JITX Component Generation Skill
Generate JITX Python component code from datasheets, user-provided KiCad footprints, or specifications. Data can come from multiple sources — always prefer user-provided data over automated lookups.
No fabrication — source authority for geometry and pinout
Do not write dimensions, pin labels, or pad assignments from memory.
If you find yourself writing "typical dimensions", "reasonable defaults", "user can refine specific values later", "approximate", "will adjust later", or any synonym for guessed / default / placeholder geometry on a component that has a real MPN, stop. This skill is not a pattern catalog you can skim and walk away from — it is the rule that you don't ship a landpattern from memory.
For every named component (anything with an MPN, distributor part number, or user-supplied datasheet), before writing landpattern dimensions or pin labels, work down this ladder until you have a source:
- Manufacturer's current datasheet — open the mechanical drawing page (use
extract_pages.py to pull only those pages — do not read the full PDF).
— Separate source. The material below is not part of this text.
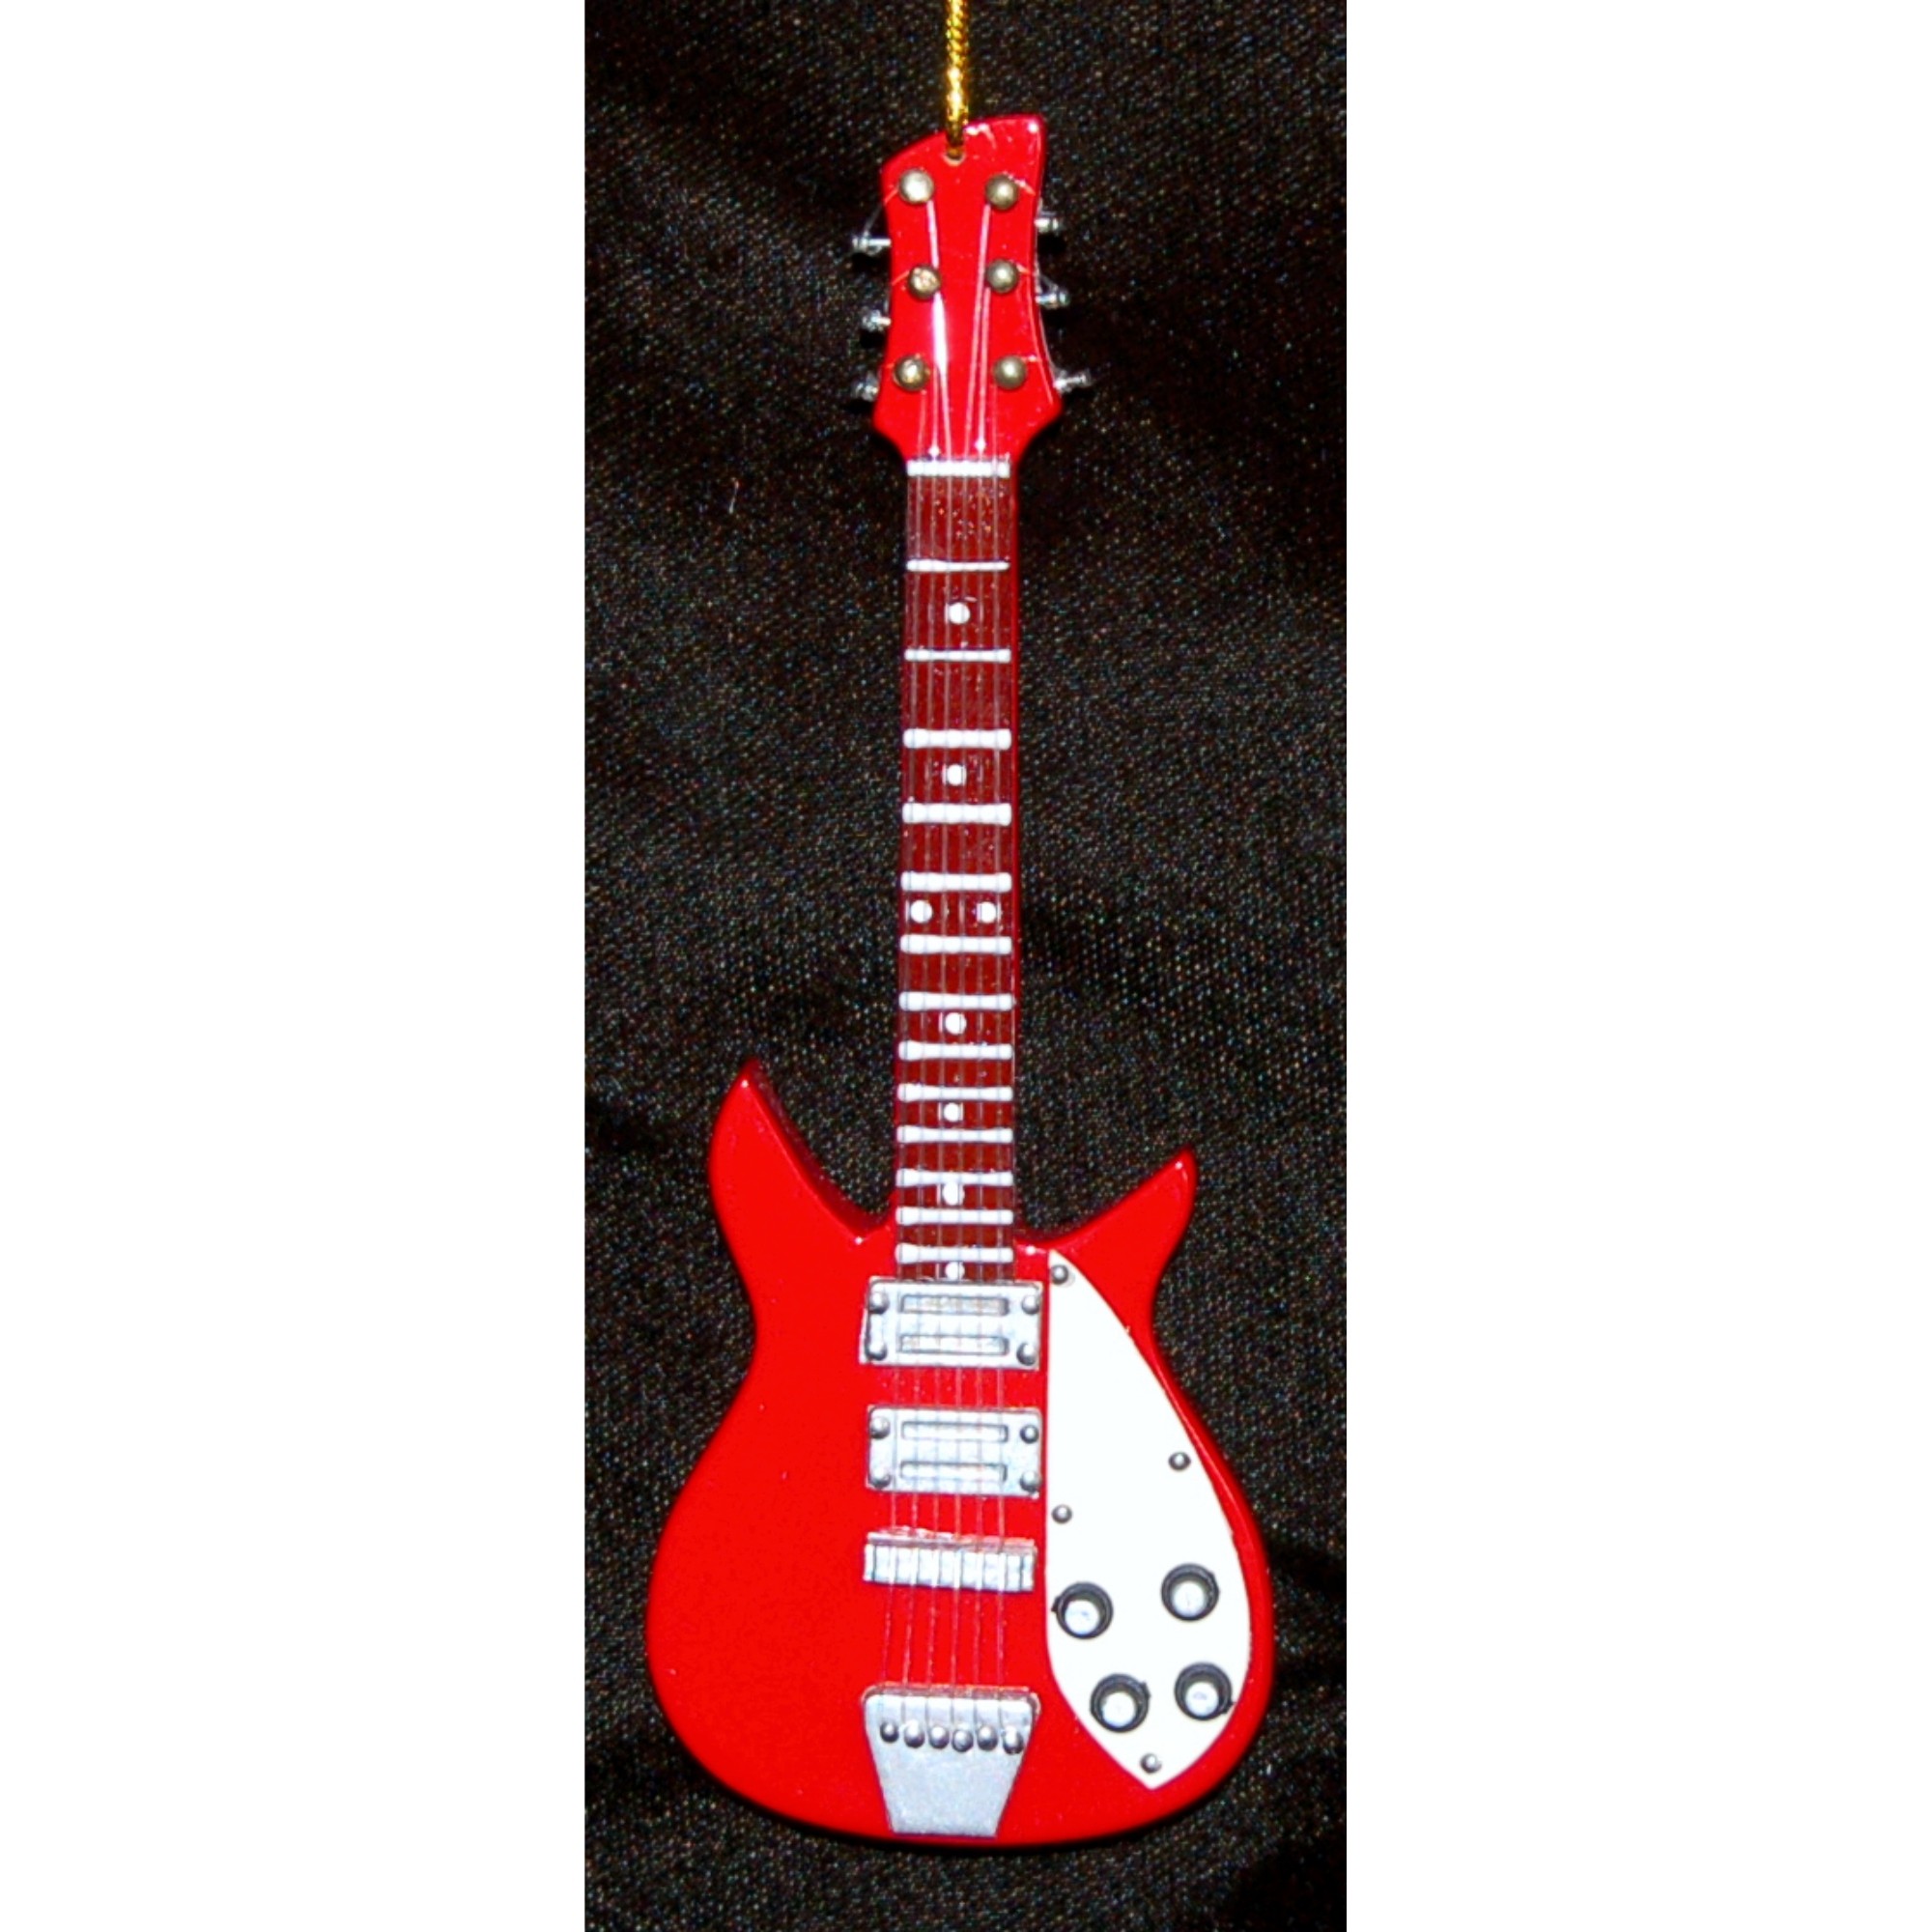 White Pick Guard Red Electric Guitar Christmas Ornament Personalized by RussellRhodes.com

Cite the page/figure where you got each dimension.
- Sourcing-channel lookup — if the user has named LCSC/JLCPCB,
parts2jitx-lcsc <C-number> (stock, lifecycle, datasheet URL) and parts2jitx-lcsc <C-number> --pinout (pin labels). Use it as channel evidence and as a pin-label cross-check. Datasheet remains higher authority where they disagree; document the conflict.
- Ask the user — for an LCSC C-number, a user-supplied
.kicad_mod, or the datasheet itself.
If none of the three produce a source, the component is blocked. Do not proceed by estimating. The only way out is for the user to explicitly authorize a non-MPN generic component (e.g. "use a typical 0.4 mm pitch QFN-56, this is a placeholder"). Record that authorization in the task acceptance block under Notes.
This callout exists because a test session of this skill loaded this very file, said "I have the patterns, I'll proceed without invoking the modeler skill further — writing each component directly with reasonable typical dimensions" — and then fabricated nine components. That is the failure this rule forbids.
Environment
Environment setup is handled by the base jitx skill. Ensure it has been invoked first.
Datasheet Handling
ALWAYS save datasheets locally before reading.
When user provides a URL or asks to download a datasheet:
- Download the PDF using curl or wget via Bash
- Save to
datasheets/<mpn>.pdf in the project (create folder if needed)
- Then use the extraction process in Step 0
This ensures:
- Datasheet is available for future reference
- Consistent file paths for extraction scripts
- No repeated downloads
AVOID REDUNDANT WEB SEARCHES
Once the datasheet PDF is available, extract pinout, package dimensions, and pin descriptions from it using Step 0. Do NOT search for info that's already in the datasheet. Also: do NOT write dimensions or pin labels from memory or "typical values" when the datasheet is available. See "No fabrication — source authority for geometry and pinout" at the top of this file.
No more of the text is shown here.